=== To do ===
Copy out the full listing below as it stands, with its pictures left behind.

=== Information provided ===
- Opening Delimiter -
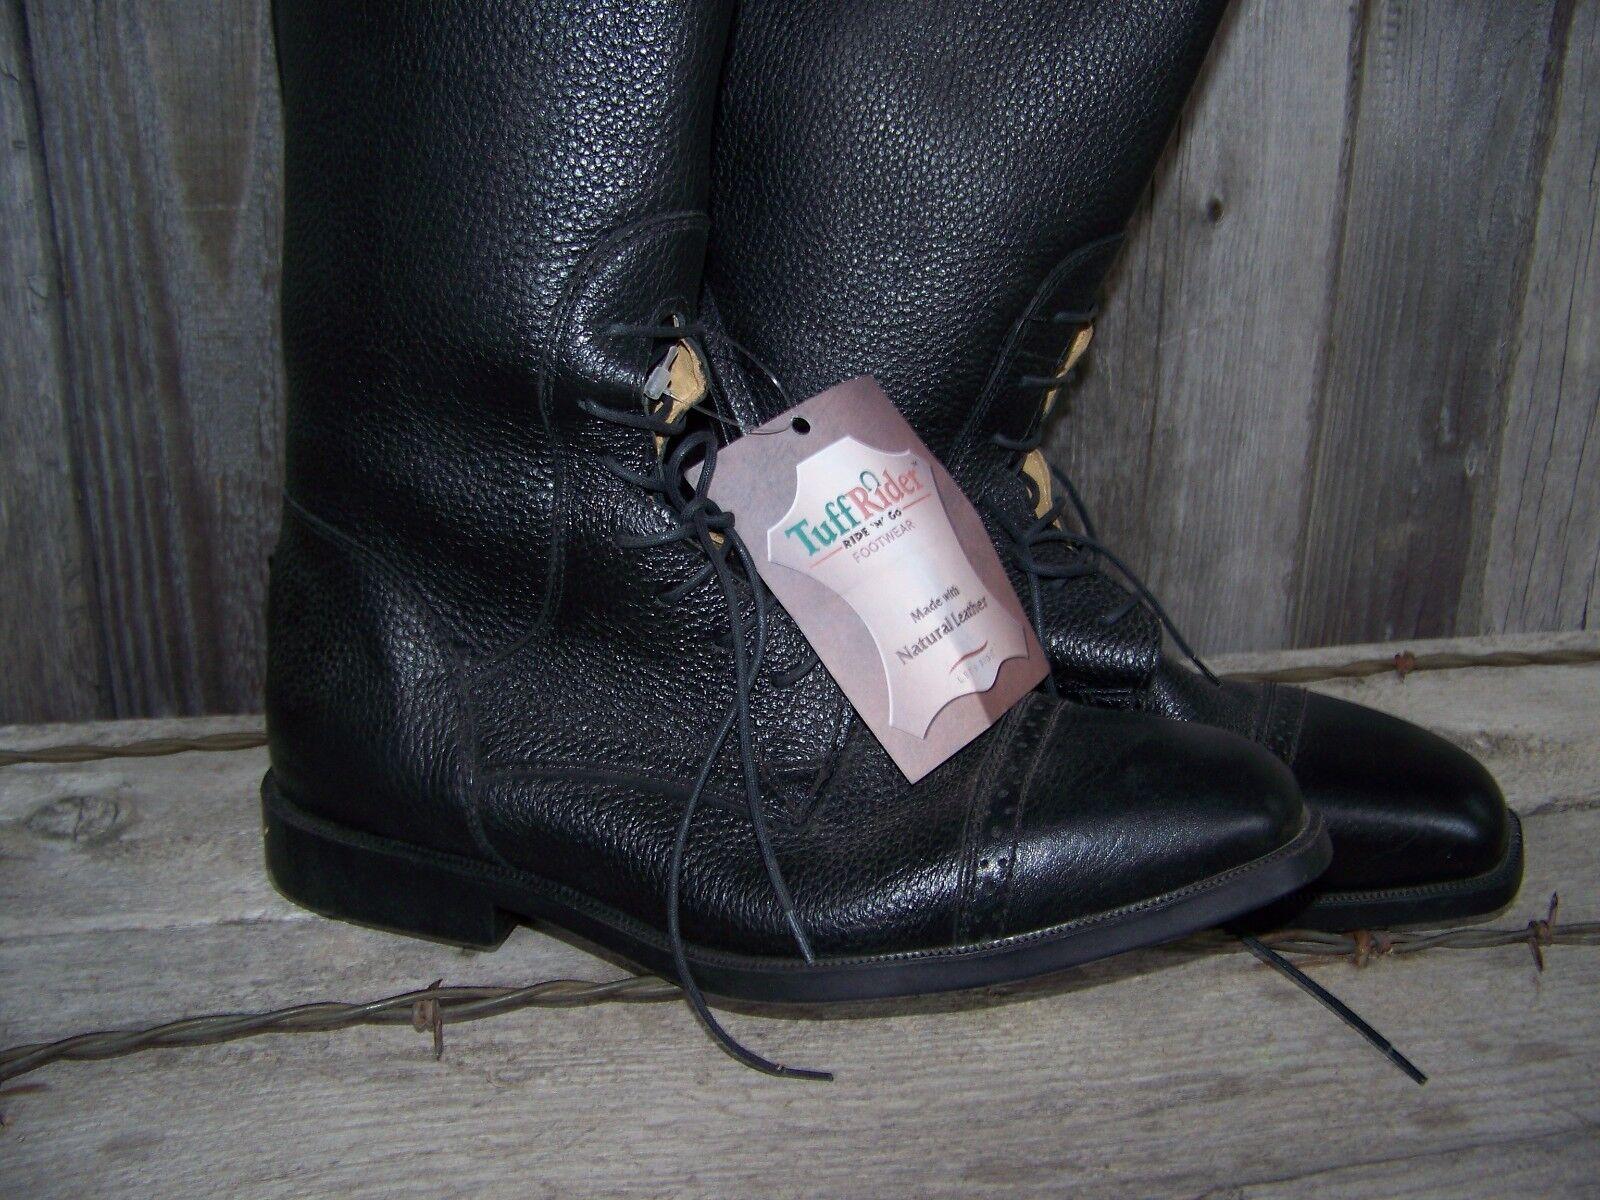 Field Stiefel (Pebbled Grain) with Slide Slide with Zip - TuffRider for Damens (Größe 11.0S) 707b4a
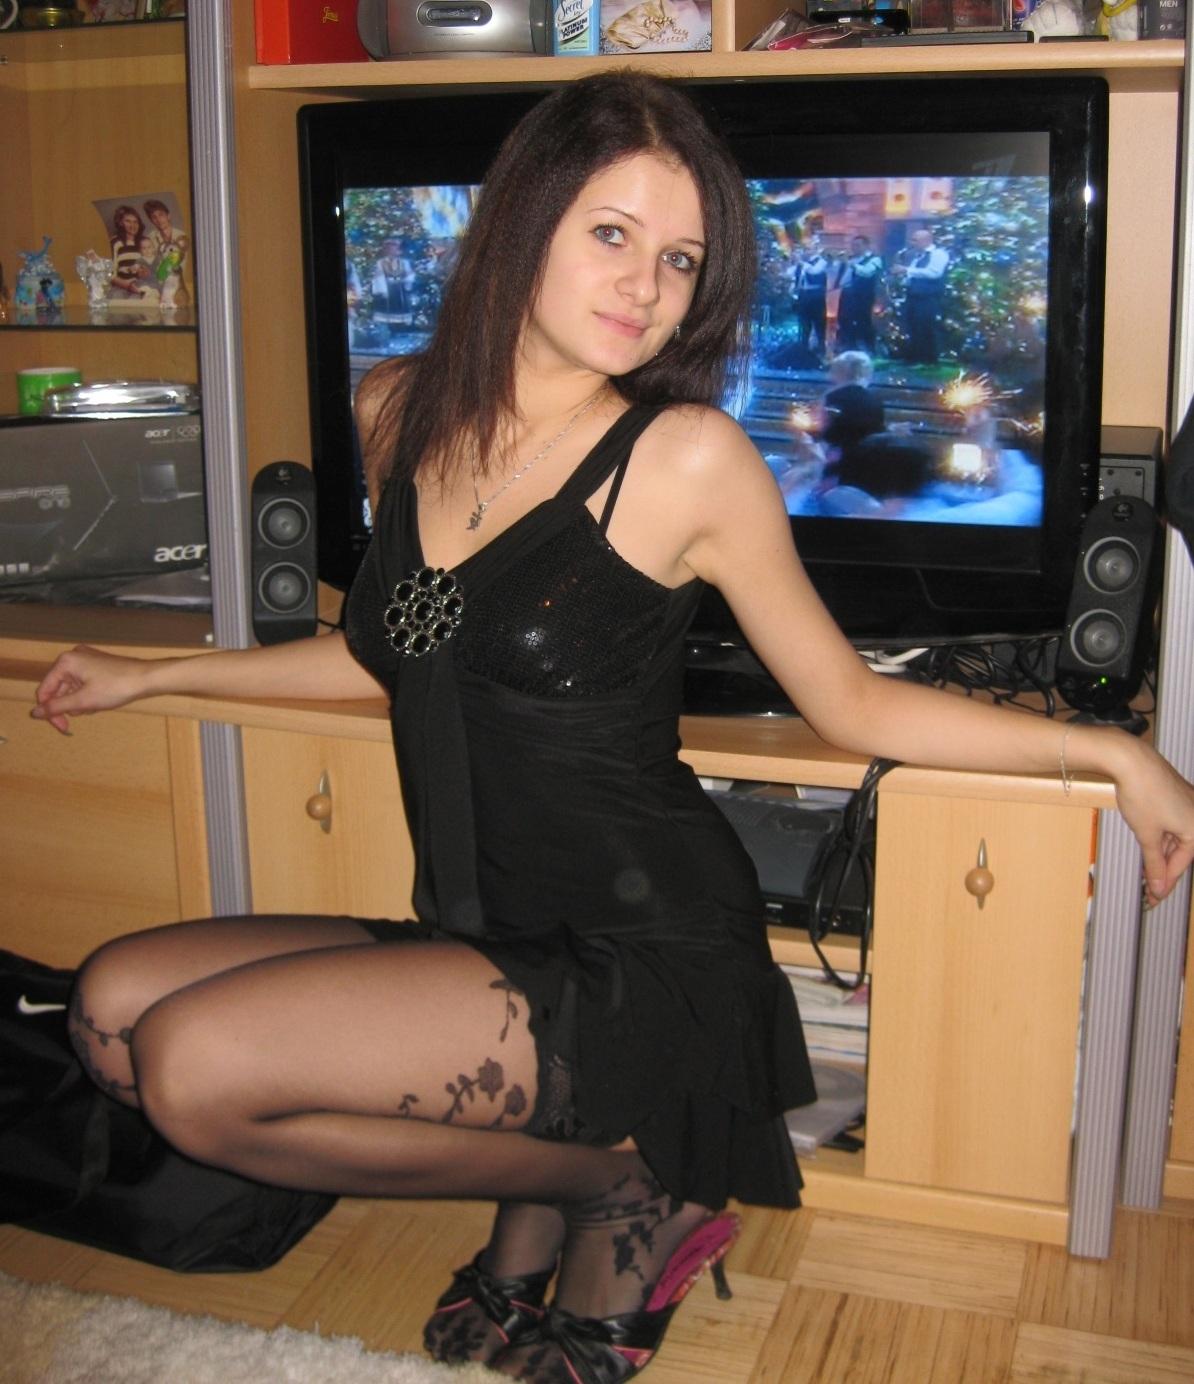 foto-domashnie-russkih-devchonok-smotret-filmi-onlayn-porno-molodih-s-starimi
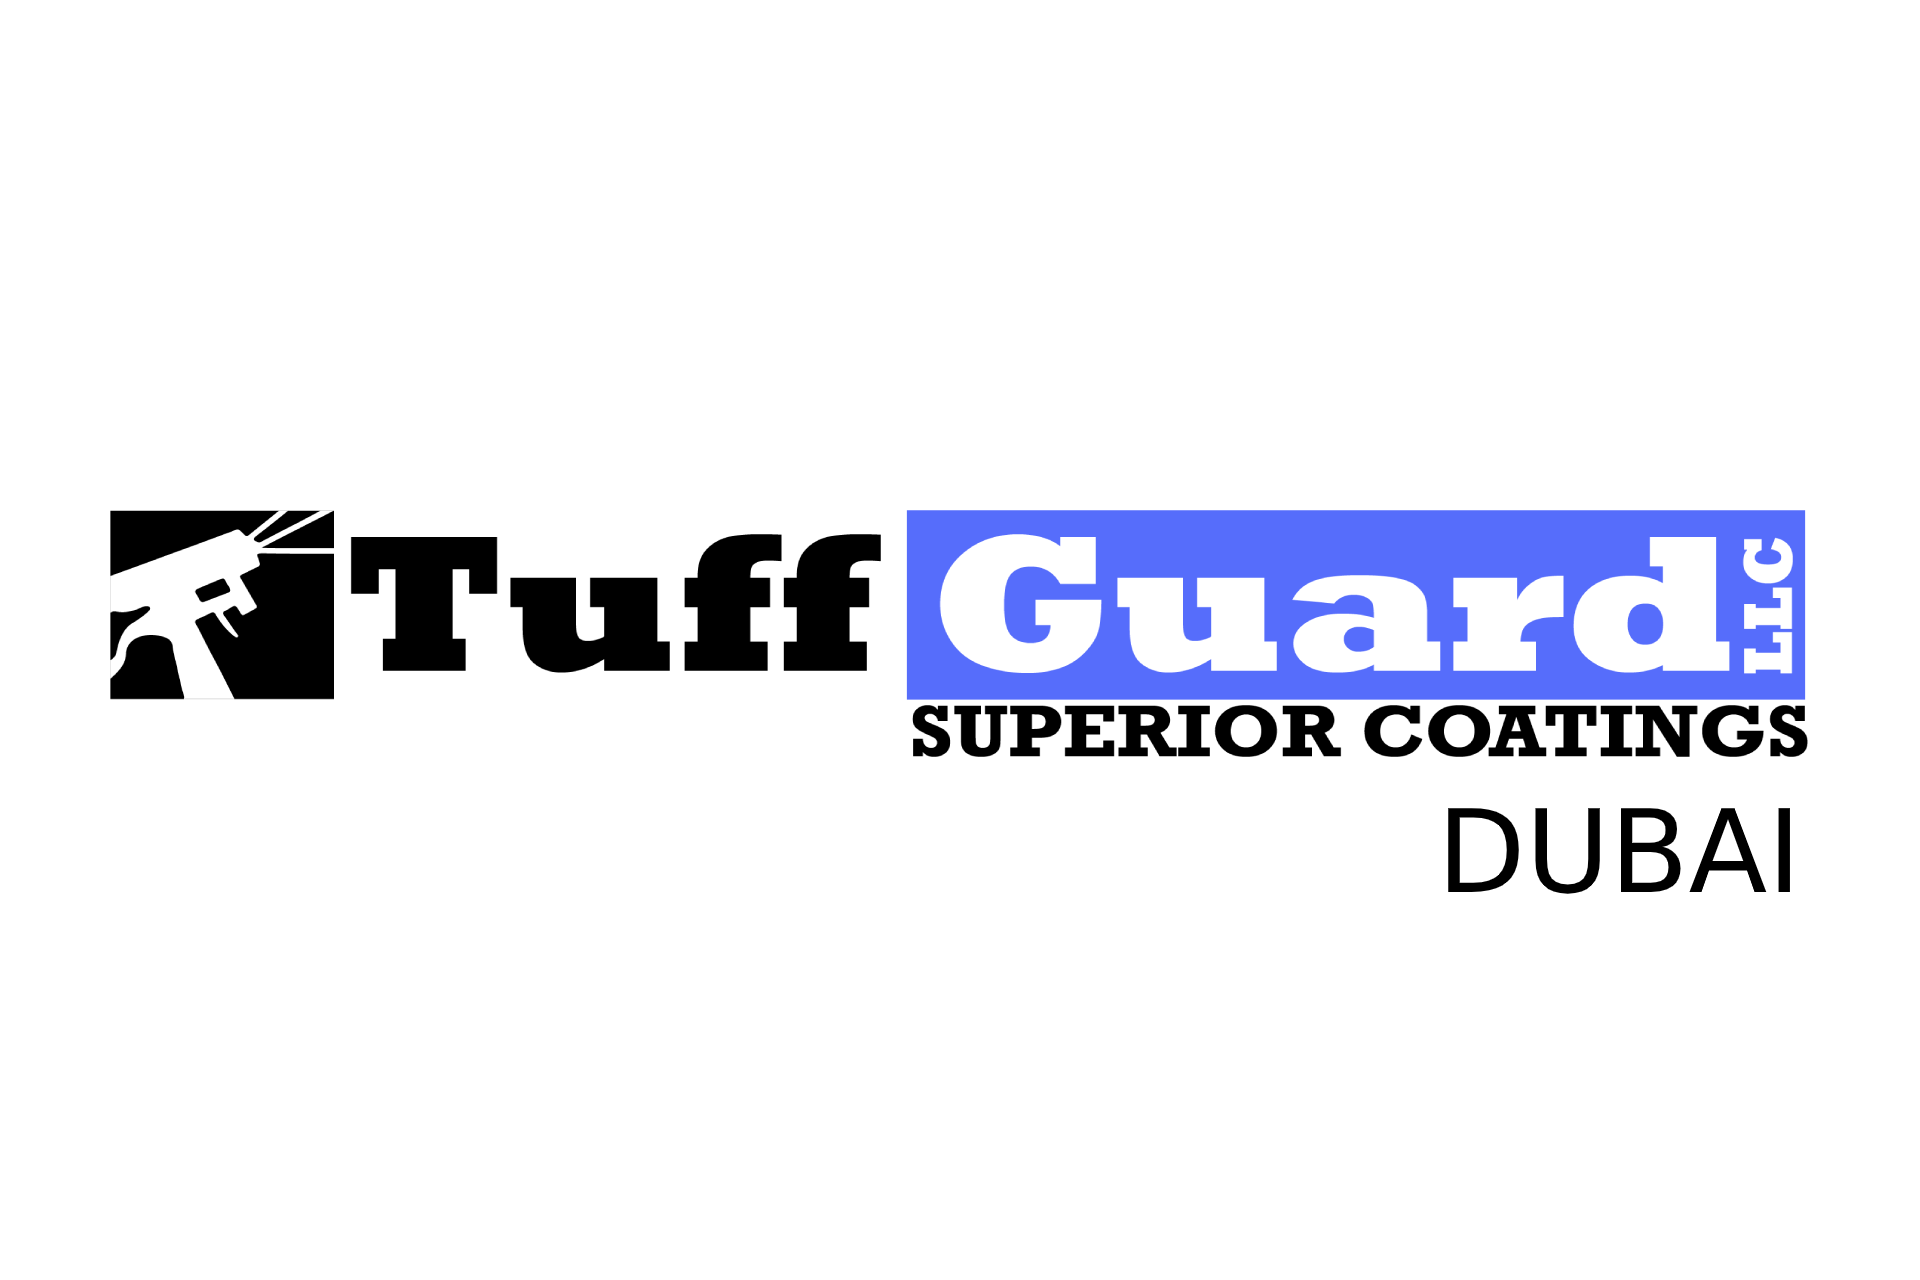 Tuffguard
- Closing Delimiter -
=== Finished exercise ===
 Field Stiefel (Pebbled Grain) with Slide Slide with Zip - TuffRider for Damens (Größe 11.0S) 707b4a
 foto-domashnie-russkih-devchonok-smotret-filmi-onlayn-porno-molodih-s-starimi
 Tuffguard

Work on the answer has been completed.